Because the statute covers virtually any relationship with a customer, OIG promulgated regulations—termed "safe harbors"—that set out certain types of arrangements for which the government will not seek enforcement action despite a literal violation of the terms of the law. One of the most widely used safe harbors governs personal-services contracts.4 For an agreement to fall within this safe harbor, six requirements must be satisfied:

  • The agreement must be in writing and signed by both parties.

  • The agreement must detail the consultant's duties.

  • The agreement must specify the amount of time that the consultant will spend on his or her duties on a periodic basis, such as monthly or quarterly, with the precise charge for each periodic interval of work.

  • The agreement must be for at least one year in term.

  • The compensation paid to the consultant for services must be based entirely on the fair market value of those services and cannot be determined on any basis related to sales generated by the consultant.

  • The services performed must not violate any state or federal laws.

The personal-services contract safe harbor creates a trap for the unwary. If any one of the six requirements is not satisfied, the safe harbor does not apply, and the company can face criminal, civil, and administrative enforcement actions for perceived violations of the Anti-Kickback Statute.

CONSULTING ARRANGEMENT PITFALLS

The following discussion highlights a number of pitfalls common to the typical consulting agreements that medical device companies enter into with physicians who may be in a position to use or recommend their products.

Consultant Selection. The first shortcoming of many consulting agreements relates to the selection of the physician who is actually going to do the consulting work. The understandable goal from the company's perspective is to sign up the most influential member of the medical community possible, thereby securing the services of a national or local leader in a surgical or diagnostic field. This goal, unfortunately, may be overly influenced by the desire to obtain commitments from users of the company's products or to sign up an influential physician as an unofficial endorser of the company's product line, rather than for the substantive contribution that the physician can make as a consultant.

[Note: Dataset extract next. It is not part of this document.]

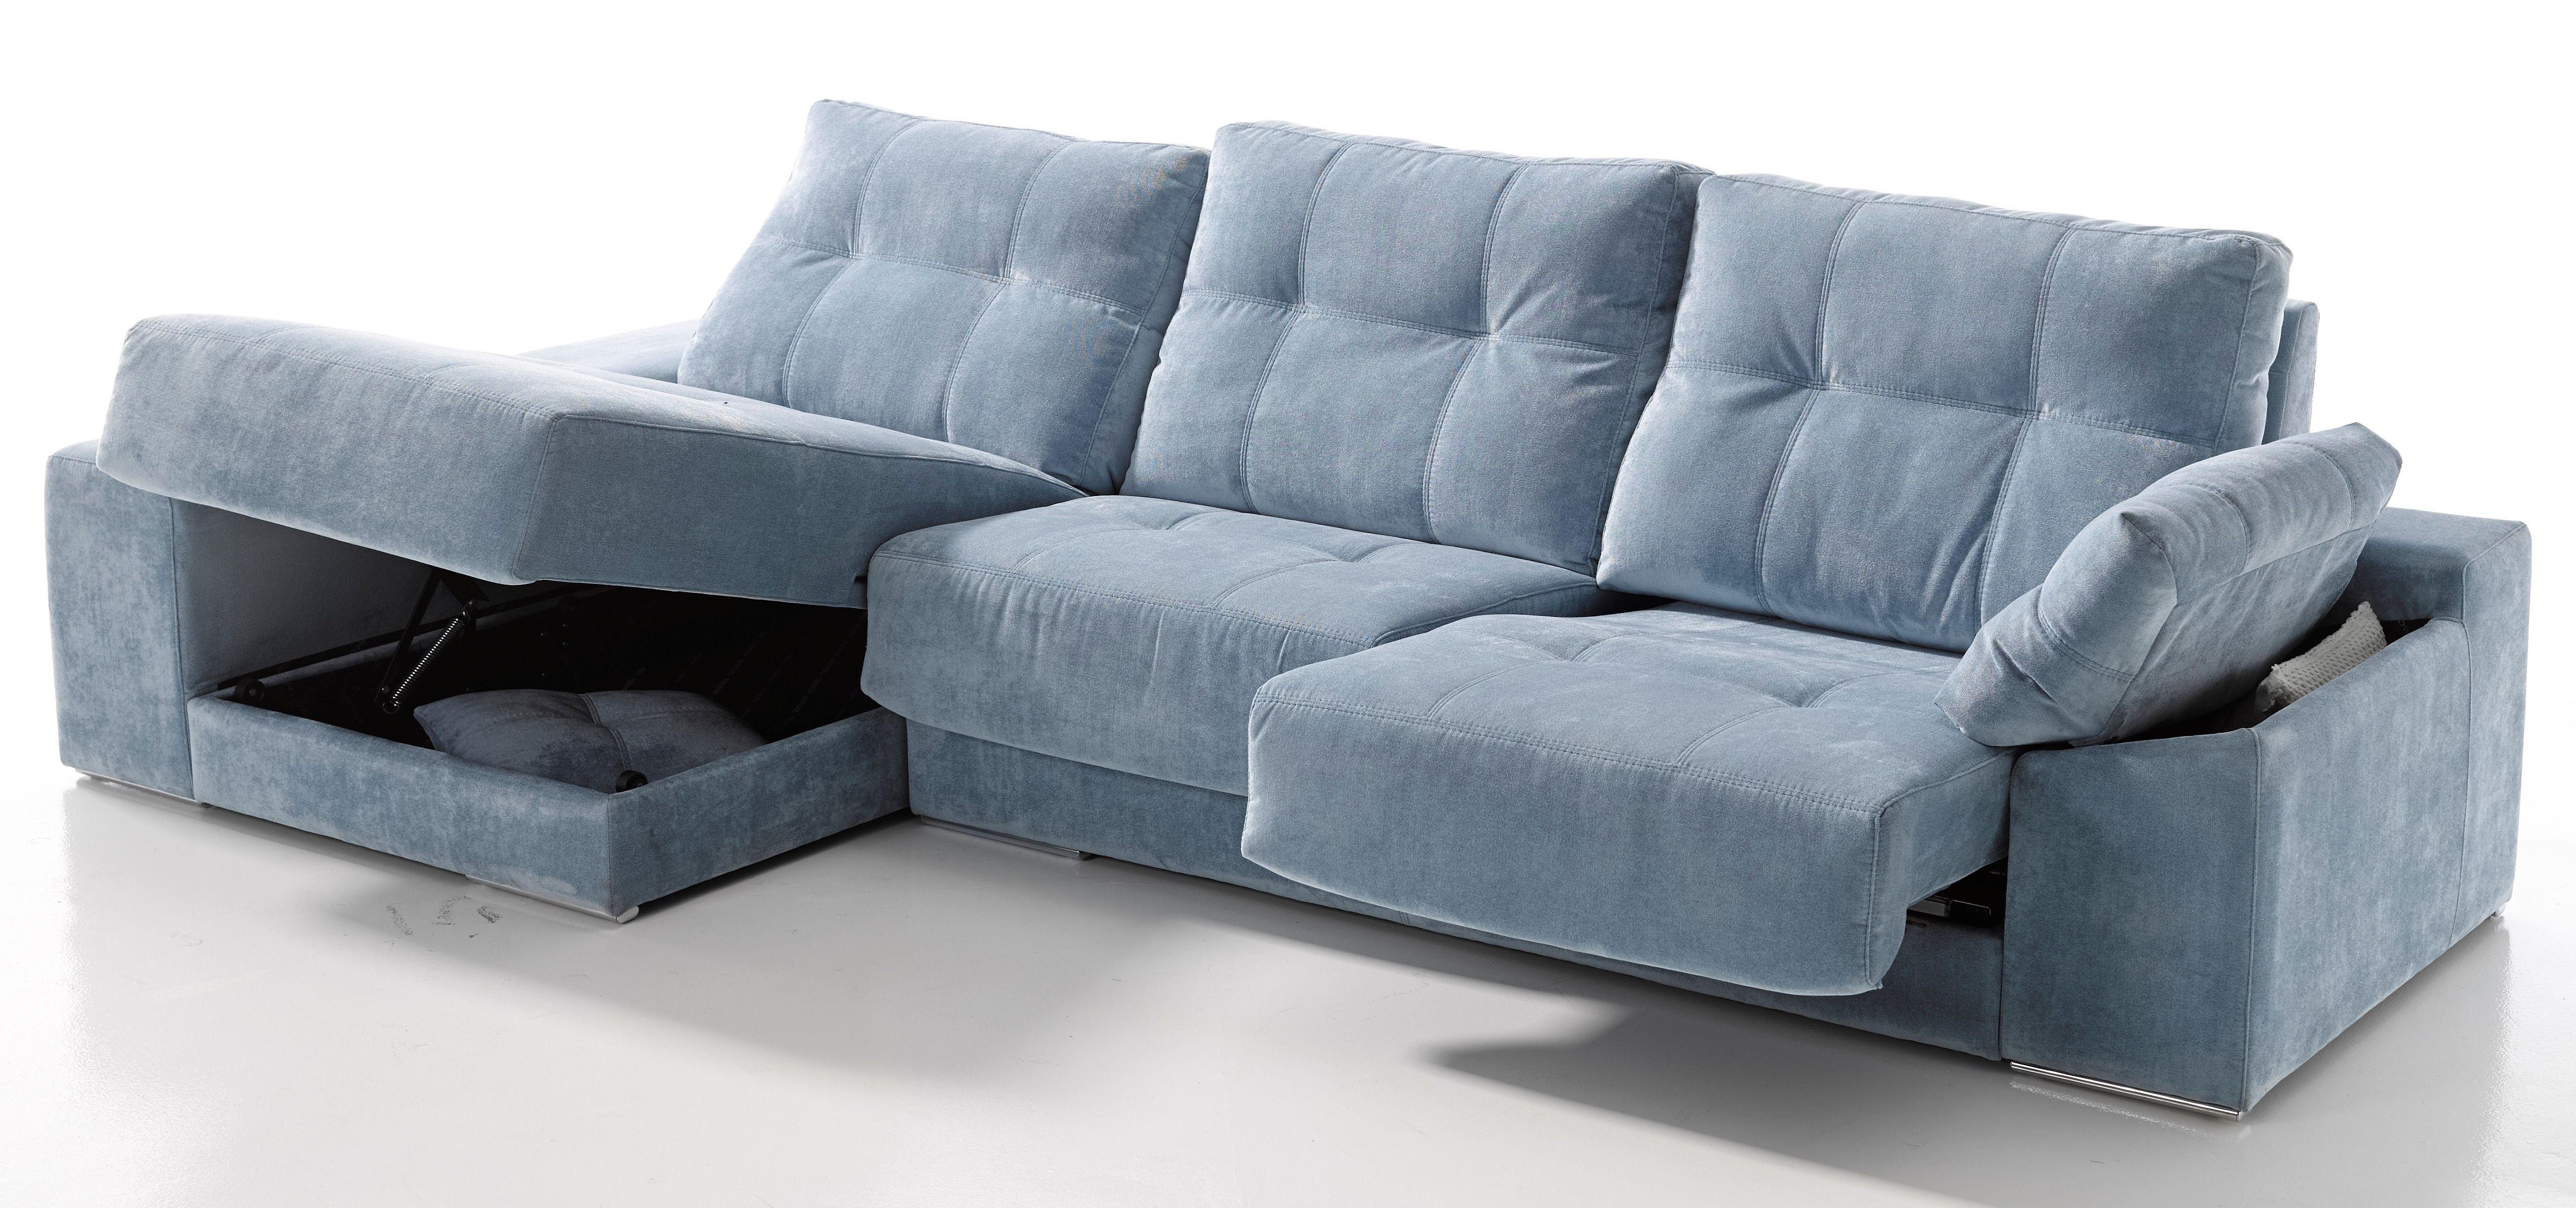 Sofá 3 Plazas 298 Cm Asientos Deslizantes Con Arcón Respaldos Deslizantes Brazo Con Arcón Modul Living Room Sofa Design Vintage Style Sofas Sofa Set Designs

Part of the problem may stem from the organizational unit within the company that selects the consultants, especially when these decisions are made by the sales or marketing departments rather than by the engineering, research and development, or regulatory affairs departments. Even when the sales or marketing department does not have control over the decision-making process, these departments typically weigh in with their opinions. Perhaps inevitably, actual or potential sales creep in as an explicit or implicit factor in consultant selection or recommendation.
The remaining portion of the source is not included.